TASK
Your task is to reproduce exactly the lines from the one containing "Huawei MC509 CDMA" through the last line below, both ends included, and nothing else, with no pictures.

RECORDED DATA

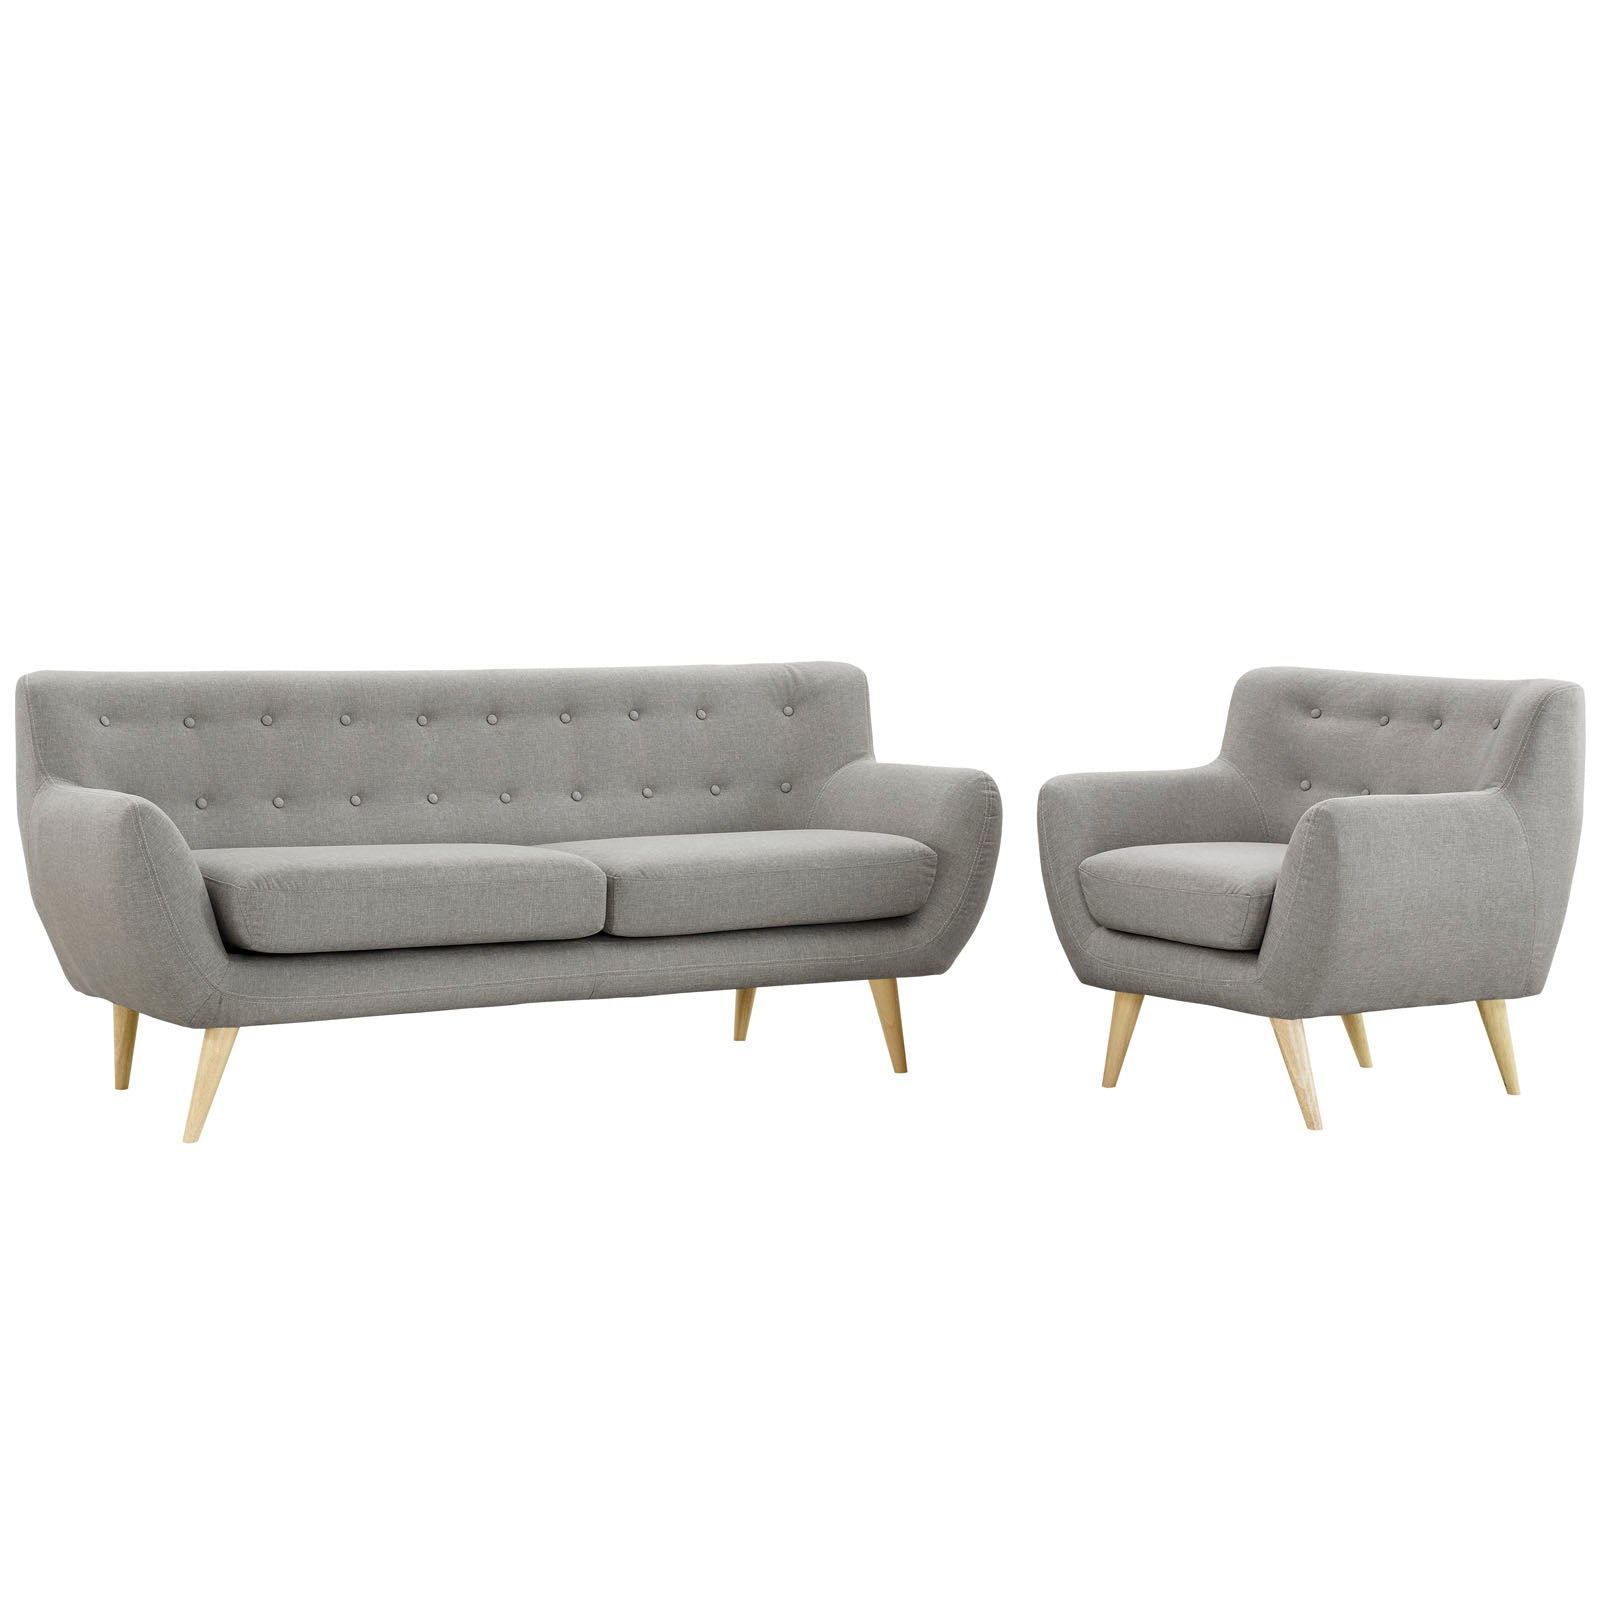 Modway Living Room Sets - Remark 2 Piece Living Room Set Light Gray Sofa
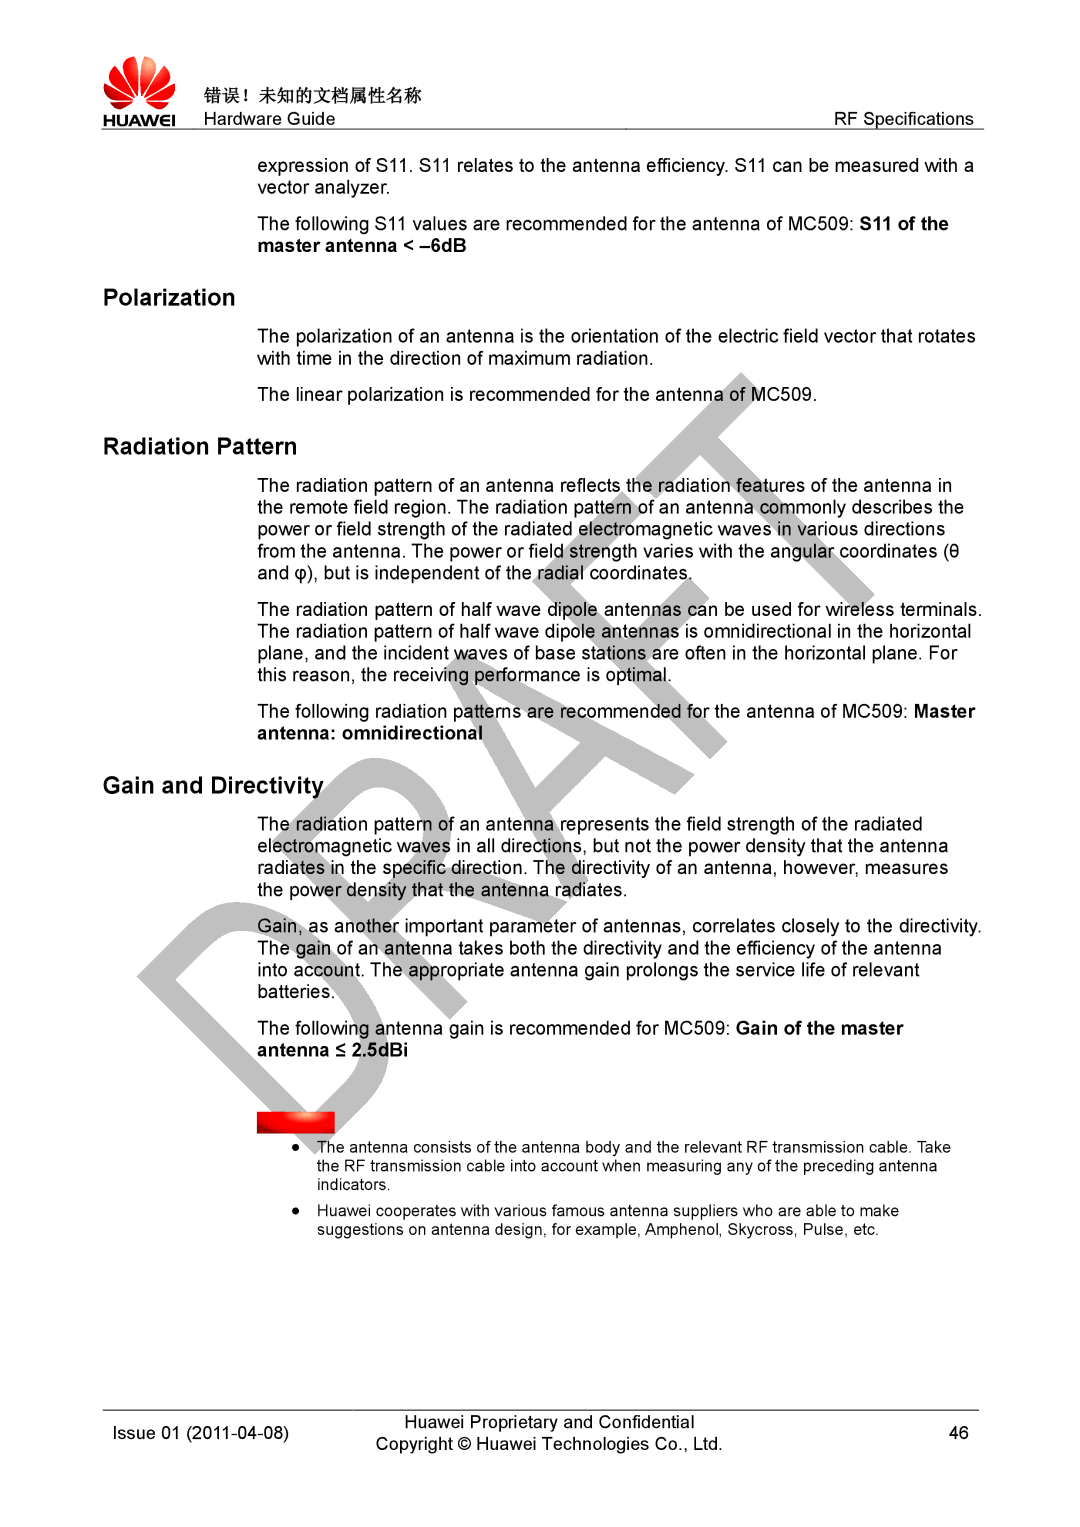 Huawei MC509 CDMA LGA manual Polarization, Radiation Pattern, Gain and Directivity 
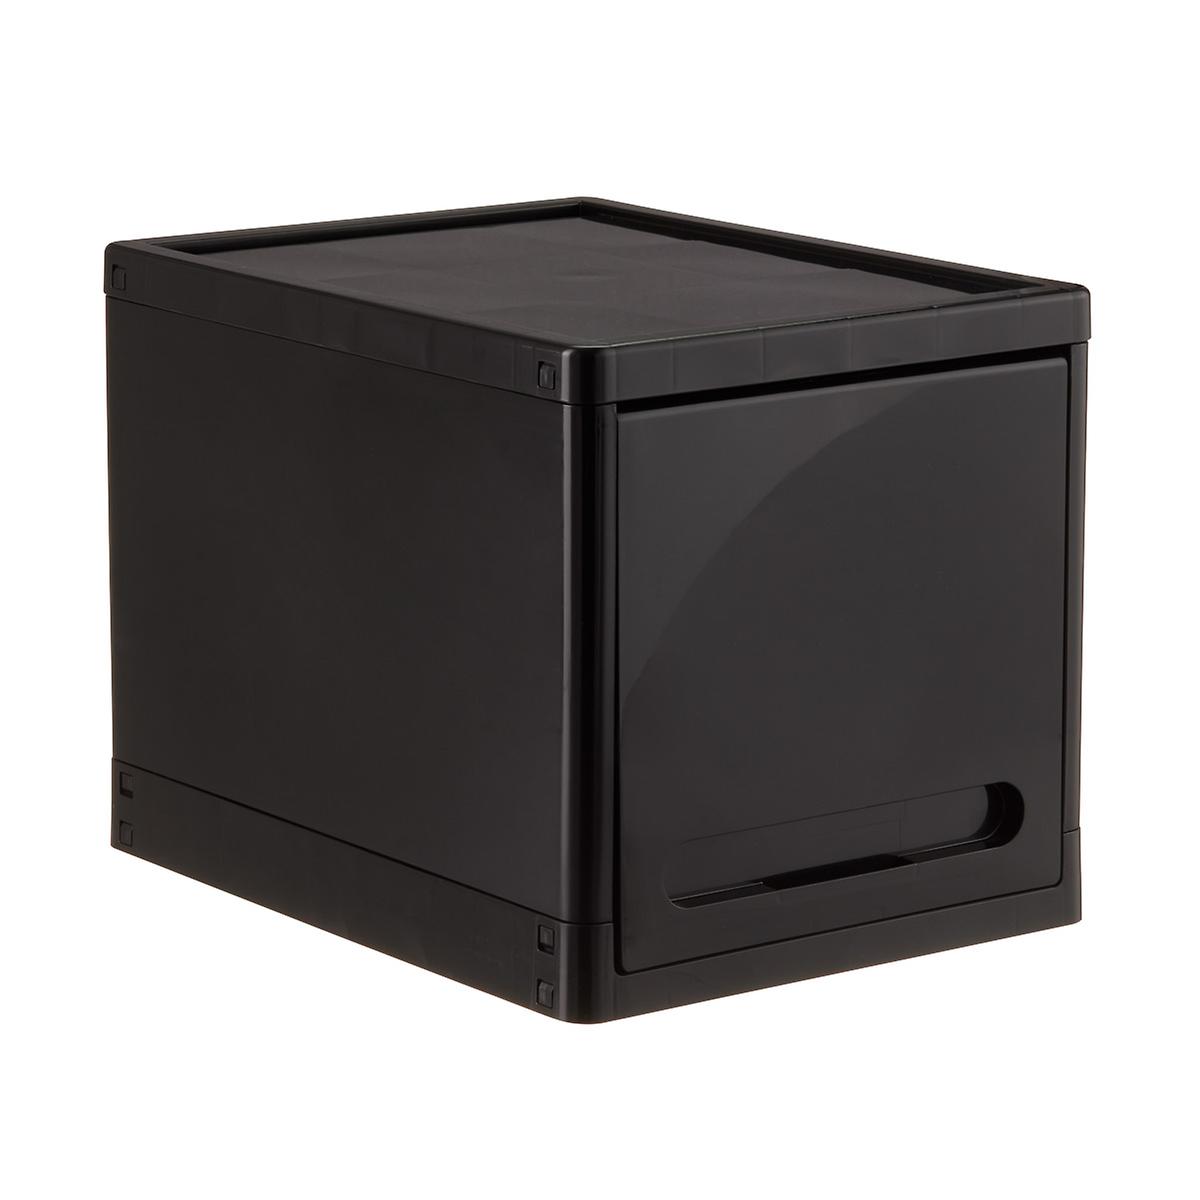 Black Plastic Storage Cube with Retractable Door The

YOUR SOLUTION
 Huawei MC509 CDMA LGA manual Polarization, Radiation Pattern, Gain and Directivity 
 Black Plastic Storage Cube with Retractable Door The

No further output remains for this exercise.